The consumer group number in the P2 parameter is pretty self-explanatory. It maps to the CONSUMER_GROUP_ID column in the DBA_RSRC_CONSUMER_GROUPS view. This parameter allows you to tell what consumer group a process was assigned to when its CPU usage was curtailed.
resmgr:pq queued
This event is used to record time spent waiting in the parallel query queue. Parallel statement queueing is a new feature introduced with 11g Release 2. One part of the new functionality that is enabled by setting parallel_degree_policy to Automatic is statement queueing. In Oracle 12c, you can also set the value to ADAPTIVE for the same purpose. Statement queuing allows you to queue for available parallel server slaves if the required degree of parallelism cannot be met instead of being downgraded, as with the old parallel automatic tuning option. Refer back to Chapter 6 for more information about parallel execution on Exadata.
Event Meaning
The parallel statement queuing feature comes with its own wait event. Statements that are queued due to insufficient parallel server processes or other directives clock time to this event.
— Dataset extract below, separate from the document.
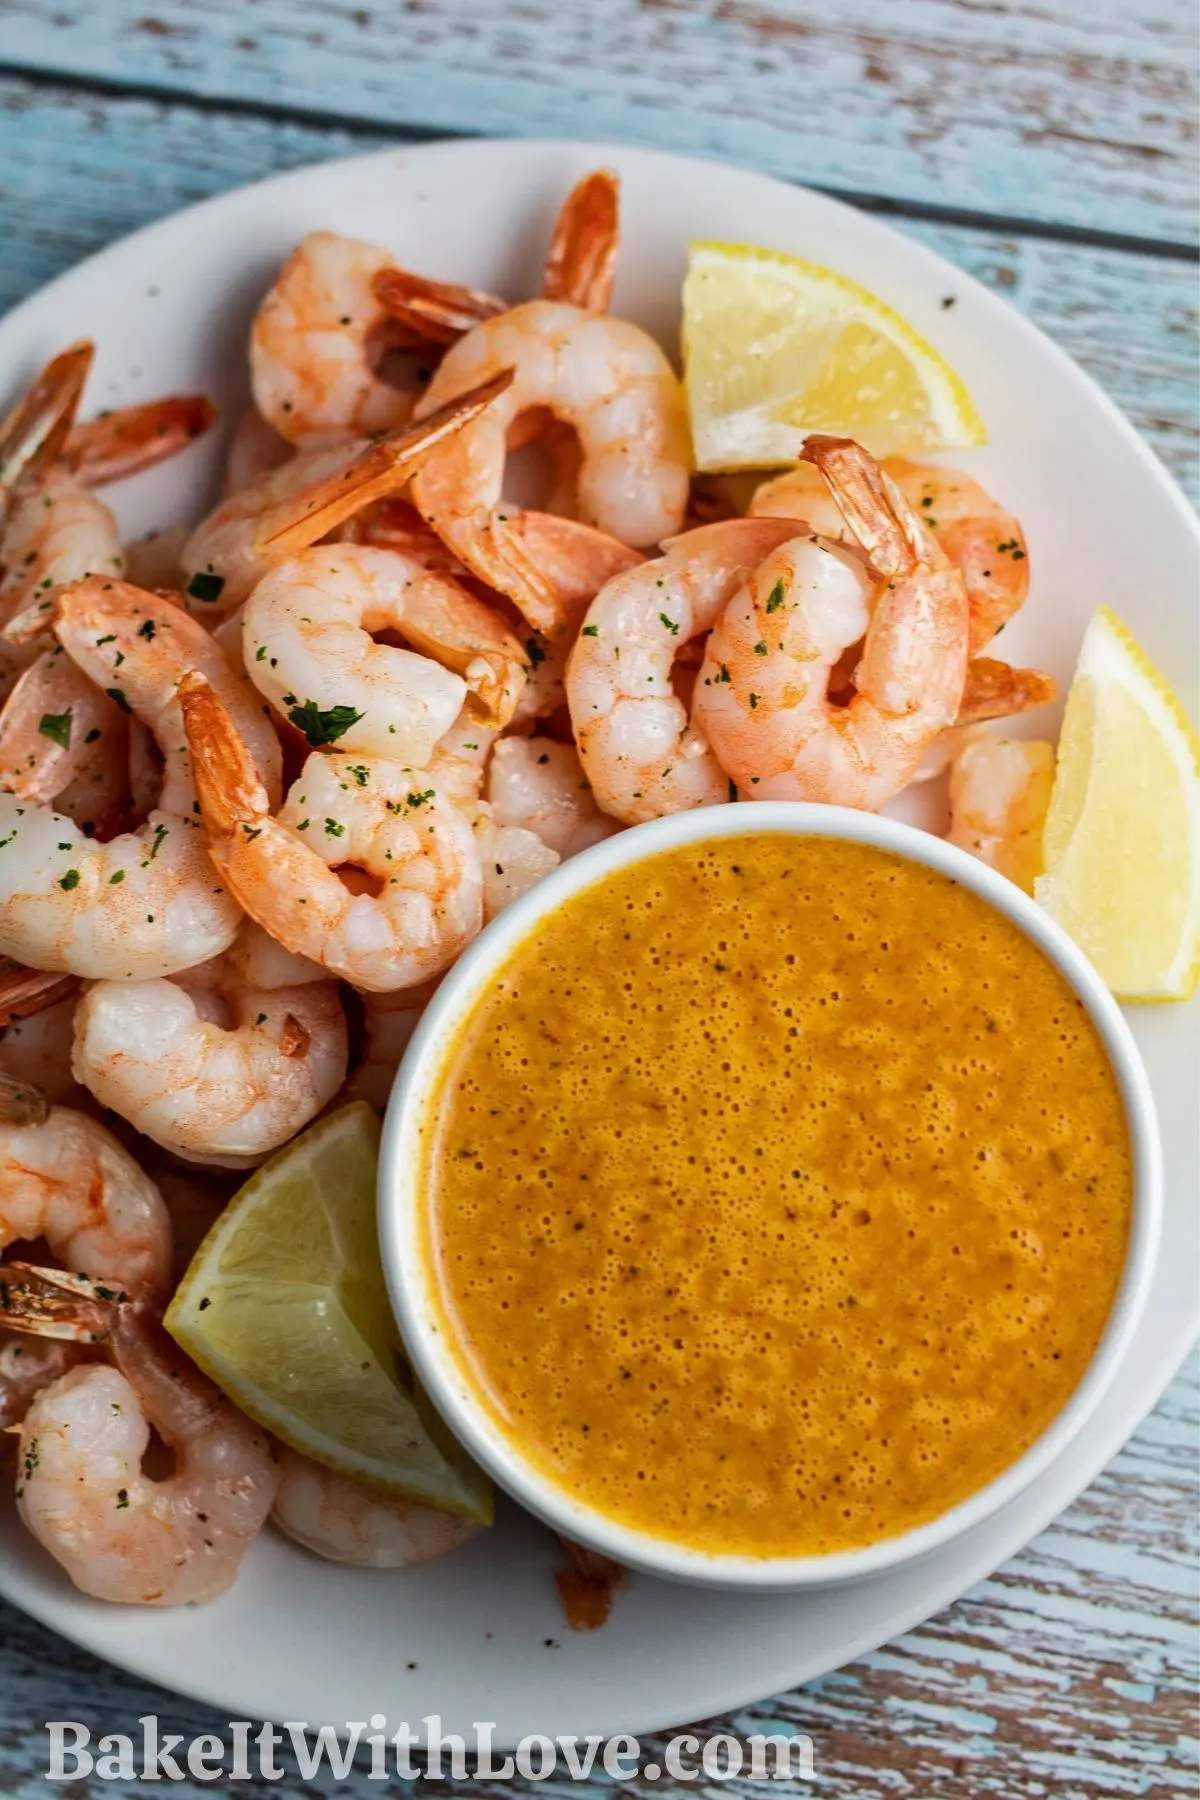 Bloves Sauce Smackalicious in a small bowl with shrimp in the background.

Here is an excerpt of a 10046 trace file showing the resmgr:pq queued event:
PARSING IN CURSOR #140583609334256 len=68 dep=0 uid=205 oct=3 lid=205 tim=4755825333777
hv=2381215807 ad='220a20bc0' sqlid='944dxty6ywy1z'
select /*+ PARALLEL(32) STATEMENT_QUEUING */ count(*) from martin.t3
END OF STMT
PARSE #140583609334256:c=0,e=188,p=0,cr=0,cu=0,mis=0,r=0,dep=0,og=1,plh=3978228158,
tim=4755825333776
WAIT #140583609334256: nam='resmgr:pq queued' ela= 25193140 location=1 =0 =0 obj#=-1
tim=4755850527127
WAIT #140583609334256: nam='reliable message' ela= 889 channel context=10126085744 channel
handle=10164818472 broadcast message=10179043672 obj#=-1 tim=4755850529508
WAIT #140583609334256: nam='enq: KO - fast object checkpoint' ela= 197 name|mode=1263468550
2=65690 0=1 obj#=-1 tim=4755850529777
WAIT #140583609334256: nam='enq: KO - fast object checkpoint' ela= 124 name|mode=1263468545
2=65690 0=2 obj#=-1 tim=4755850529959
WAIT #140583609334256: nam='PX Deq: Join ACK' ela= 39 sleeptime/senderid=268500992 passes=1
p3=9216157728 obj#=-1 tim=4755850531333
WAIT #140583609334256: nam='PX Deq: Join ACK' ela= 42 sleeptime/senderid=268500993 passes=1
p3=9216246432 obj#=-1 tim=4755850531420
WAIT #140583609334256: nam='PX Deq: Join ACK' ela= 39 sleeptime/senderid=268500994 passes=1
p3=9216266144 obj#=-1 tim=4755850531507
While testing this use case, it turned out that the event is written to the tracefile only once, at the very beginning. Furthermore, the trace information about the queued statement is not emitted until the session actually starts work.
Parameters
Here are the parameters for the resmgr:pq queued event:
The location parameter is a numeric value that most likely refers to a location (function) in the Oracle code as described above in the resmgr:become active event.
Summary
The wait interface has been expanded to cover several Exadata-specific features. In this chapter, you read about the new wait events you should know. By far the most interesting of the new events are cell smart table scan and cell smart index scan. These events cover the time spent waiting on an offloadable read I/O request to a storage cell. There is a lot of processing that occurs at the storage layer that is lumped together under these events. It’s important to understand that these events replace the direct path read event and that the mechanism of returning the data directly to the process PGA employed by the Smart Scan events is analogous to the way it is handled by direct path read.